The potion seemed to make everything better but it made you worse. He told
the old mouse he wasn’t feeling well and returned to his nest.

Not long after that Pikachu saw his old friend Vulpix. He almost didn’t
recognize her, she was so grown up and beautiful. Instead of showing himself,
he stayed hidden in his nest. He didn’t want her to see how ragged and ugly
he’d gotten.

That night the biggest storm ever hit the forest, and the lightning seemed so
close it was like jagged hands reaching down to grab you and the thunder
sounded like it was exploding all around your head. Pikachu tried to be brave,
but he couldn’t do it and he ran down into the old mouse’s cave. He was just
about to take the potion, when he heard his old friend shouting from out in the
woods. He looked from the potion to the outside, the mouth of the cave
flashing with the constant bolts of terrible electricity, and he summoned all the
courage in his little body, and he left the old mouse in his cave and ran out into
the storm.
Trees were struck and fell with cracking noises nearly as loud as the
thunder. Leaves slapped against his face, flying sideways through the woods
in the wind like wet bats, and the rain made it so hard to see. He heard his
friend shout for help again and saw her ahead through the storm. A tree had
fallen upon her back and she was stuck. Pikachu ran over.

Vulpix saw him and cried out, “Help, please!”

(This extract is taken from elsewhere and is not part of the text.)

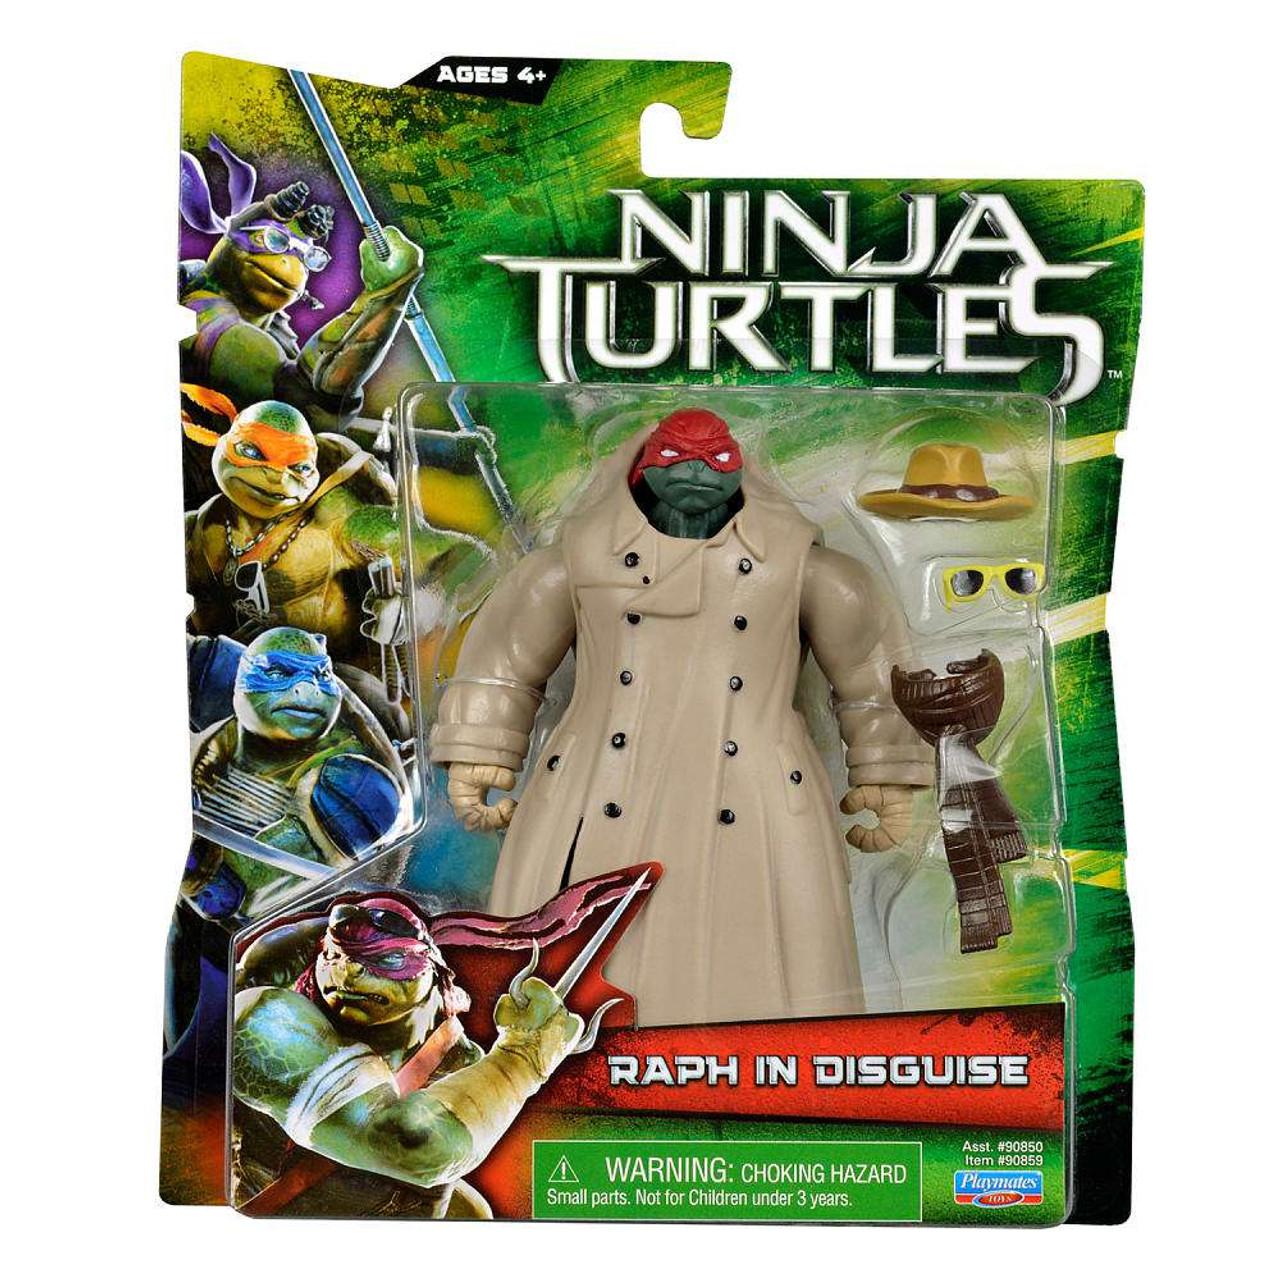 Teenage Mutant Ninja Turtles 2014 Movie Raphael Action Figure Raph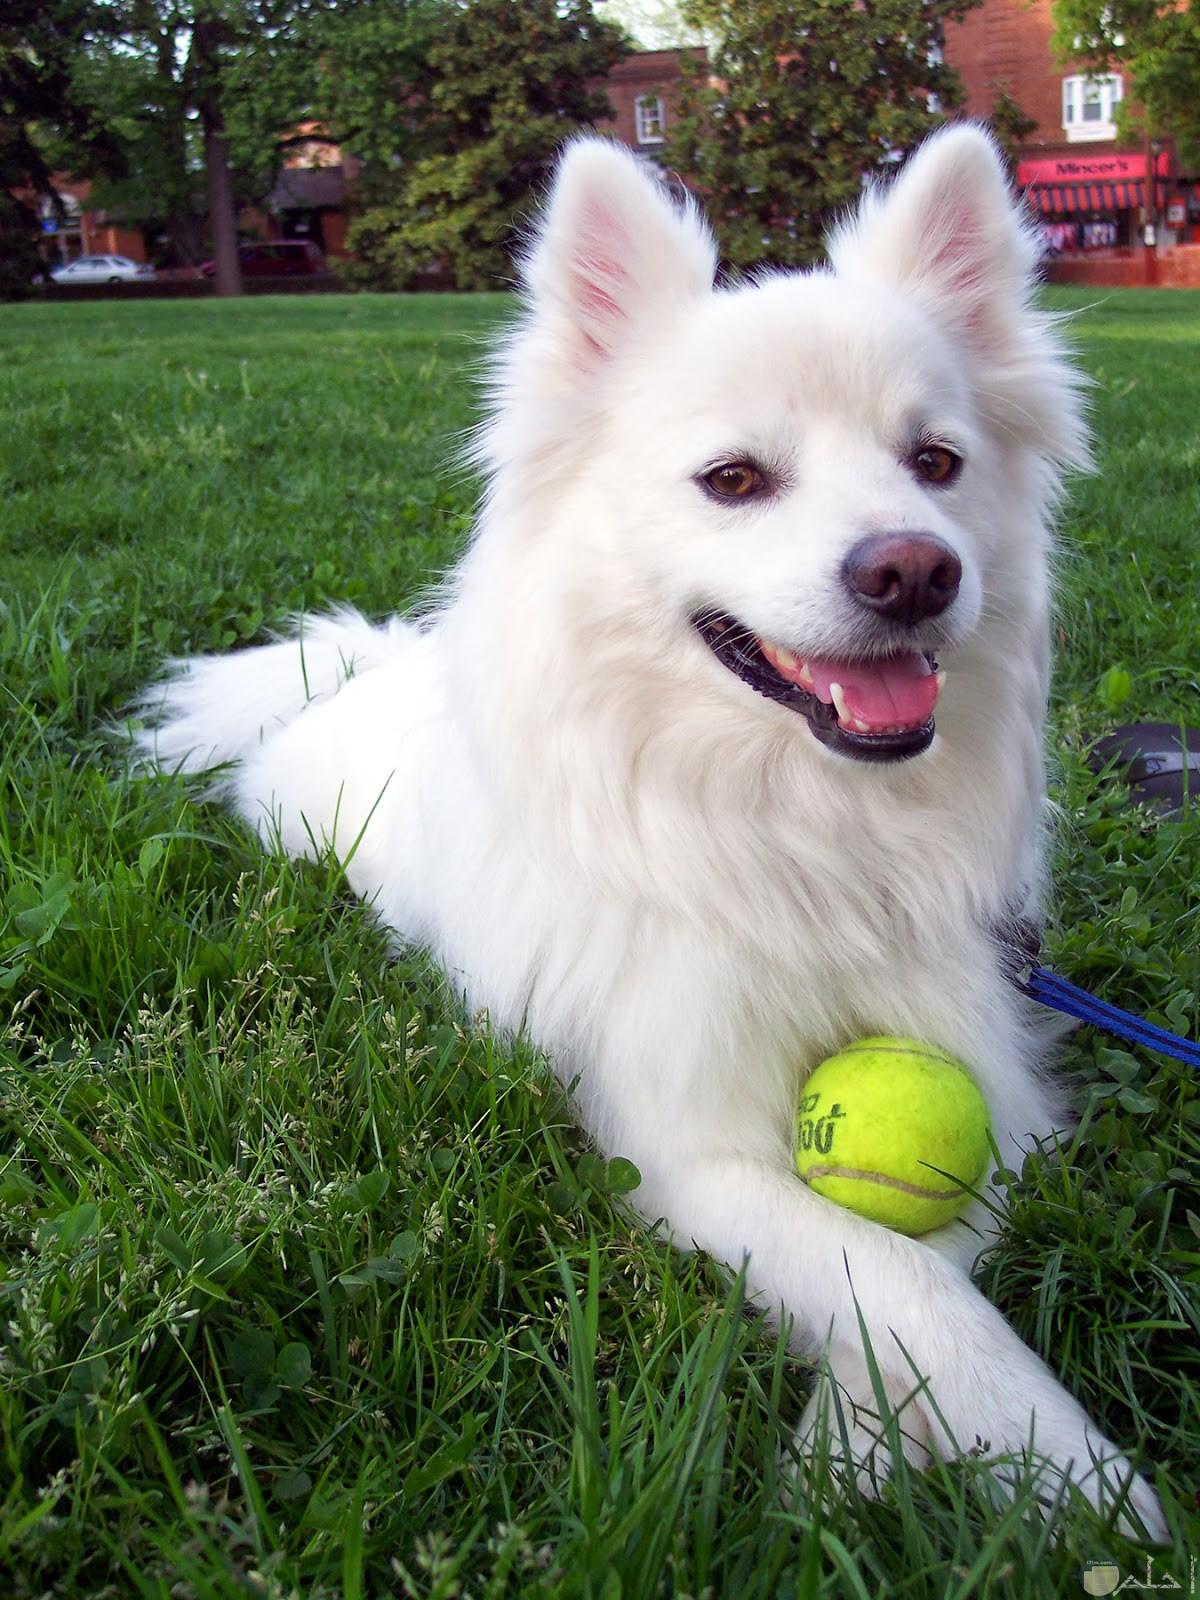 كلب ابيض يداعب كرة صغيرة.

He tried to push against the tree, but he was just a little mouse and it didn’t
budge one bit. None of the other animals were out; they were all hiding away
from the storm and couldn’t hear them to come help. It was up to Pikachu.
He stood back a bit and closed his eyes to focus. He had to do it for her.
Summoning all his power, Pikachu’s cheeks began to glow, then his whole
body and he felt it come surging up. To both of their amazement, he shot a
bolt of electricity straight at the tree, breaking it into pieces, and his friend was
freed.

Almost instantly the storm began to pass. Vulpix stood up and looked at
Pikachu with a smile. “I’ve been looking all over for you,” she said. “I
wanted to tell you to come back to the rest of us. Why’d you run away?”

“Because I couldn’t make lightning,” Pikachu told her.

“I didn’t care about that,” she told him. “Lots of us didn’t care about that.
Besides, you just did it.”

He smiled back at her and nodded. “Yes, I guess I did.” And they began to
walk back towards their old home together. Pikachu snuck over to the pond
again to glance at himself. In the reflection he could see that his fur was
bright again, his cheeks scarlet.

When he got back to the other Pokemon in the forest his parents ran over to
hug him and tell him they missed him so much. They didn’t even ask if he
could make lightning yet, and he didn’t tell them. He lived in a little thicket
with Vulpix happily ever after, and he knew that if she ever needed him to be
able to make lightning, he’d be able to do it for her.